In oversimplified terms, Higher One was acquired by its bank partner, sold to public market investors at an inflated price, and then sold to its new bank partner for an inflated price again.

Neat! Finance is neat!  


2 FINTECH CONTENT RECOMMENDATIONS

#1: Why Everyone’s Wrong About Stablecoins (by Christian Catalini, Forbes) 📚  

I’m a sucker for a “why everyone is wrong about X” article, especially when it’s about a subject I’m already 95% sure I’m wrong about.
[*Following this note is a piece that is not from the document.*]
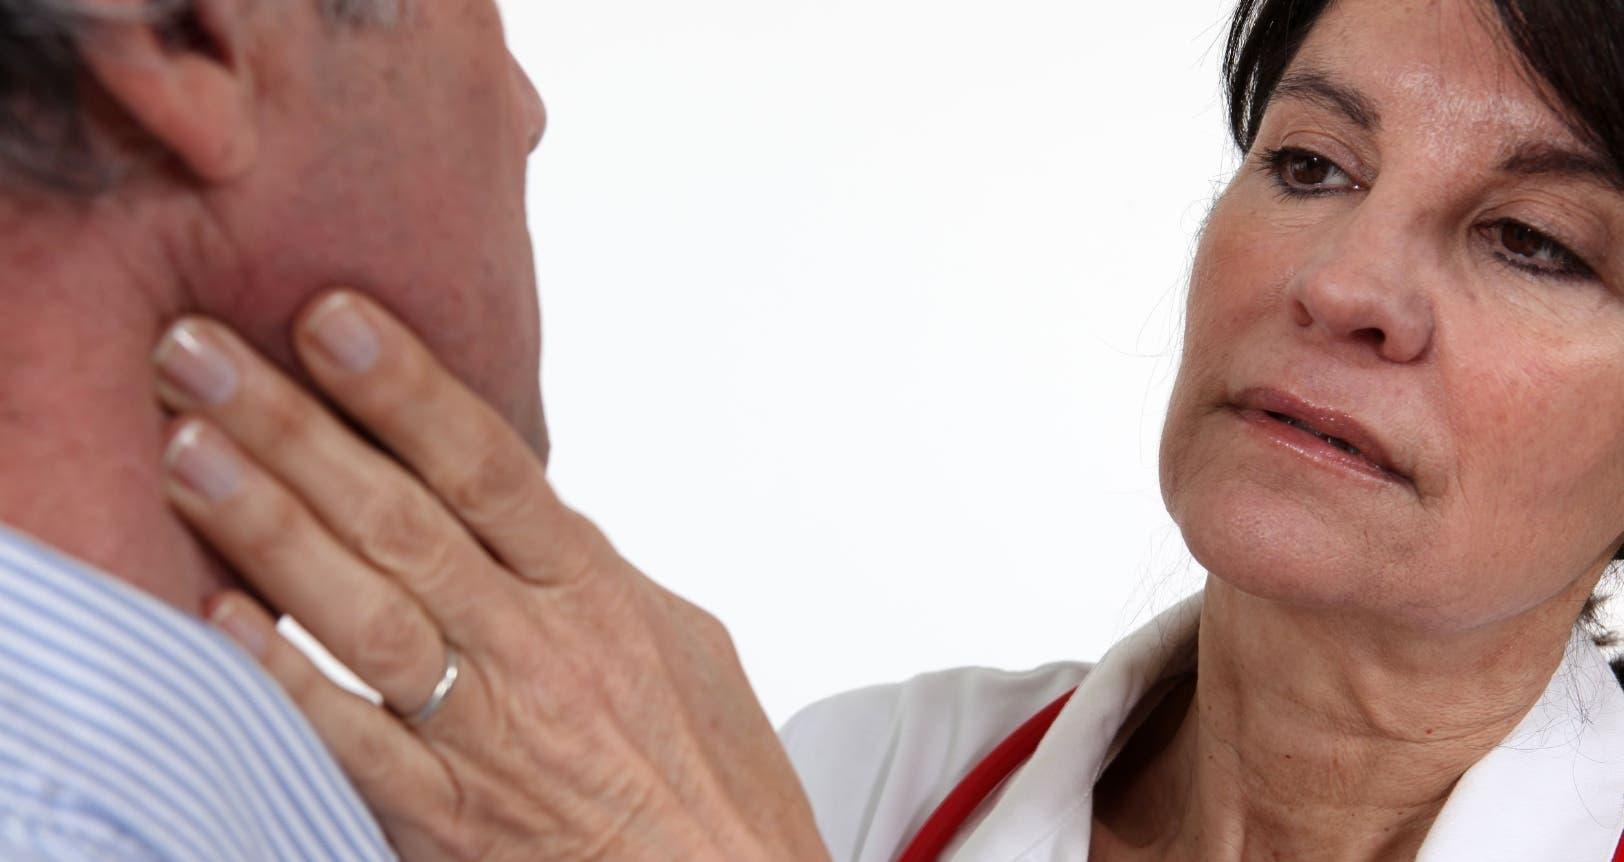 Los linfomas pueden aparecer en  ganglios del cuello, amígdalas, regiones inguinales,  bazo, hígado y  médula ósea, entre otros lugares.

This one is worth a read. 

#2: Bloat, Redundancies Inflate Ever-Increasing Tech Spend (by Kiah Haslett, Bank Director) 📚

Spending more and more on tech and getting less and less out of it is literally the worst-case scenario for any bank that hopes to be around ten years from now. Kiah explains how this happens and what can be done to stop it.


1 QUESTION TO PONDER

If federal banking regulators could do one concrete thing to make bank-fintech partnerships work better, what would it be? 

If an industry standards-setting organization could do one concrete thing to make bank-fintech partnerships work better, what would it be?